Compared to conventional MRI contrast agents, CEST MRI agents have a number of unbeatable advantages. CEST MRI has the ability to exploit non-metallic, bioorganic, biocompatible, diamagnetic compounds. As endogenous and exogenous biologically relevant molecules and compounds contain hydroxyl (–OH, 0.8–2 ppm from water), amino (–NH2, 1.8–2.4 ppm), or amide (–NH, 3.5–6.3 ppm) groups, they inherently are good candidate CEST agents [27][28][51]. To date, a wide range of diamagnetic compounds (Table 1) have been investigated [52], and many of them, for example, X-ray and CT contrast agents [53][54][55], drugs [56][57][58][59], nutrients and supplements [16][41][60][61][62], and drug carriers [52][63], are clinically available agents. The advantage to use these compounds as CEST MRI agents is unprecedented: they can be used directly in humans, which is one of the most formidable challenges for the clinical use of most newly synthesized contrast agents. Besides the excellent potential of translatability, CEST MRI also has a number of technical advantages. First, unlike metallic agents that can strongly affect the inherent tissue T1 and T2 properties, CEST agents may be used in conjugation with other MRI methods simultaneously as exchangeable protons only slightly affect tissue T2 times and have a negligible effect on tissue T1 times. Moreover, CEST MRI contrast can be turned on and off at will by turning RF pulses on and off [64][65]. Hence, it is possible to simultaneously acquire other (inherent) MRI contrast and CEST MRI contrast [66][67], allowing combined detection of CEST agents with other morphologic, functional, and molecular assessments. Finally, simultaneous detection of multiple CEST agents is also possible as long as the agents have distinctive CEST offsets, which sometimes is referred to as multi-colored MRI detection [62][65][68][69].
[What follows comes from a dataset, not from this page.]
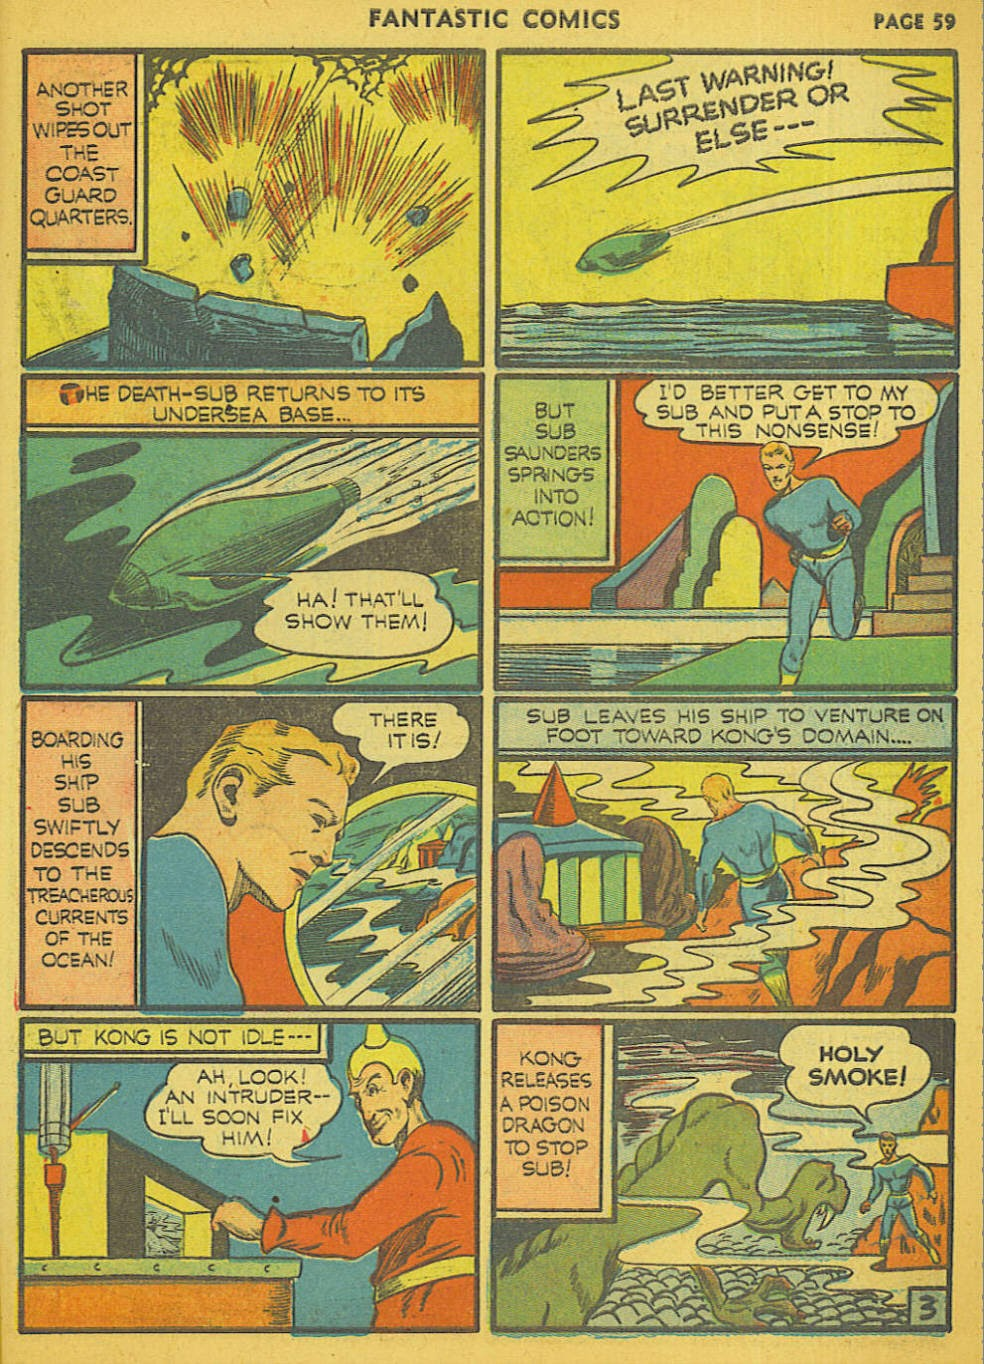 Read online Fantastic Comics comic -  Issue #15 - 54
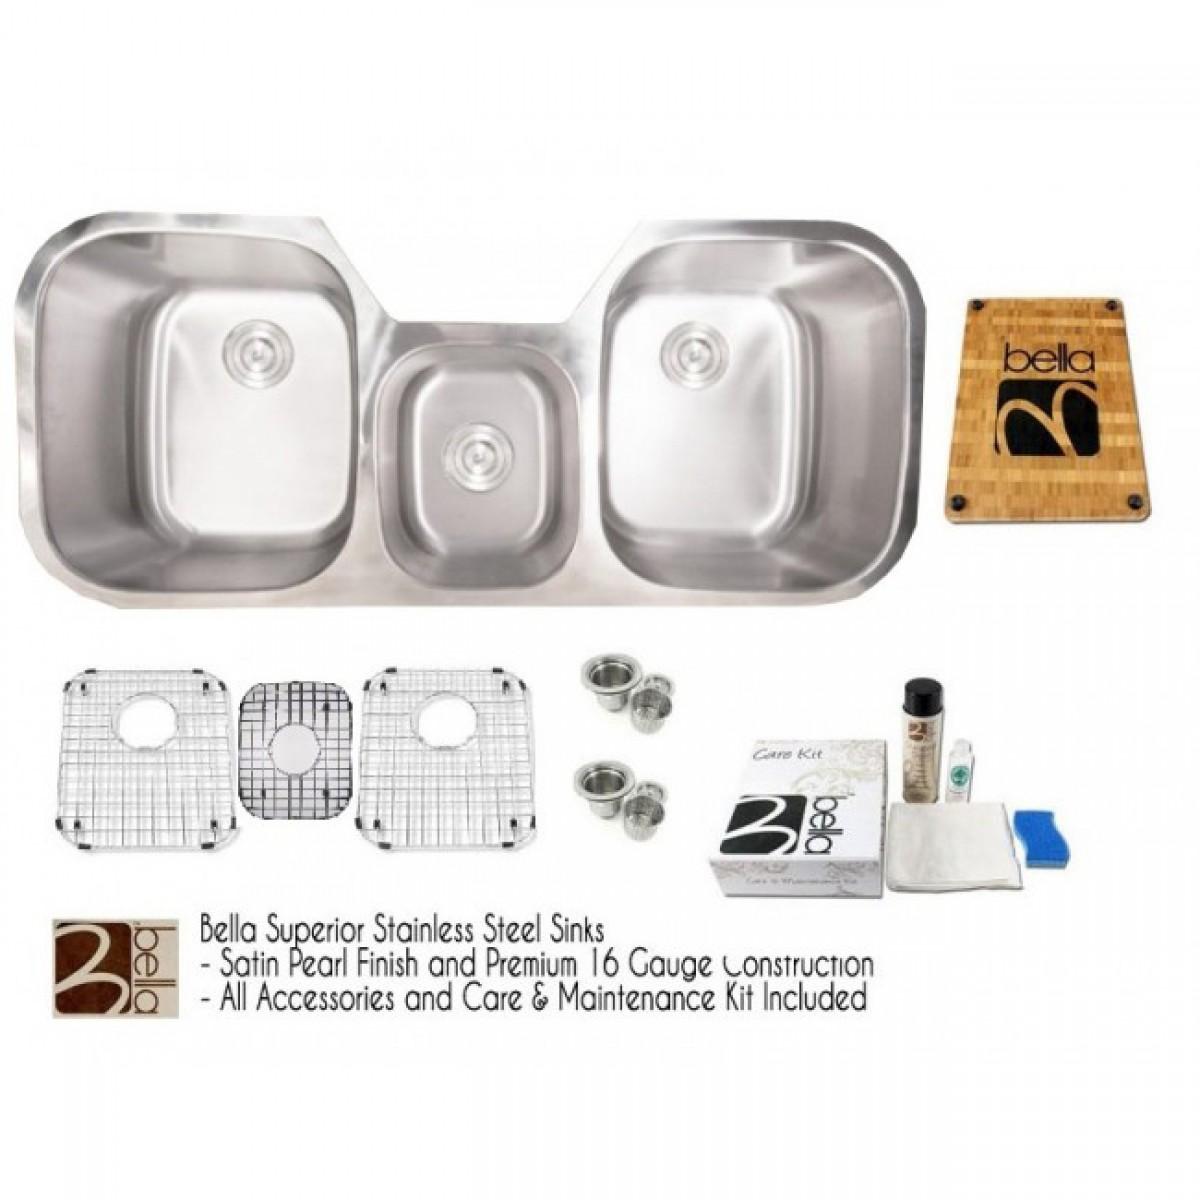 Genial Bella 46 Inch Premium 16 Gauge Stainless Steel Undermount Triple Bowl  Kitchen Sink With FREE ACCESSORIES

Table 1. DIACEST library (Reprinted with permission from Ref [52]).

Exchangeable Proton Signal Frequency Offset Δω (ppm) Examples
Hydroxyl (–OH) 0.8–2, 4.8 Glucose [60][61][70]; 3-OMG [71][72][73]
2DG [74][75][76]; dextran [77][78]; sucralose [79]; sucrose [80]; glucosamine [81]; phenols [82]
Amide (–NH) 3.5, 4.2, 5.6 Poly-L-lysine [83]; iopamidol [84]; iopromide [55]; mobile proteins [5]
Amino (–NH2) 1.8–2.4 L-arginine [62][85]; protamine [86]; cytosine/5-FC [87]; proteins [88]
folate acids [59]
Heterocyclic ring amide (–NH) 5–6.3 Barbituric acid [86]; thymidine [89]; uridin70e [90]
Hydrogen bonds 6–12 Salicylic acids [91]; imidazoles [92]; H2O2 [41]
Aliphatic protons (rNOE) −1.6, −3.5 Mobile proteins [93][94]
Abbreviations: 3-OMG: 3-O-methyl glucose; 2DG: 2-deoxy-d-glucose; rNOE: relayed nuclear Overhauser effect.

 

3. Conclusions

CEST MRI is a rapidly developing technology with the unprecedented ability to directly use a broad spectrum of clinical agents and even drugs as MRI contrast agents, providing a practical way to realize “label-free” theranostics. The inventory of CEST agents keeps expanding. It is anticipated that many CEST agents may be advanced to the clinic in the near future to help diagnosis or treatment monitoring in a personalized manner.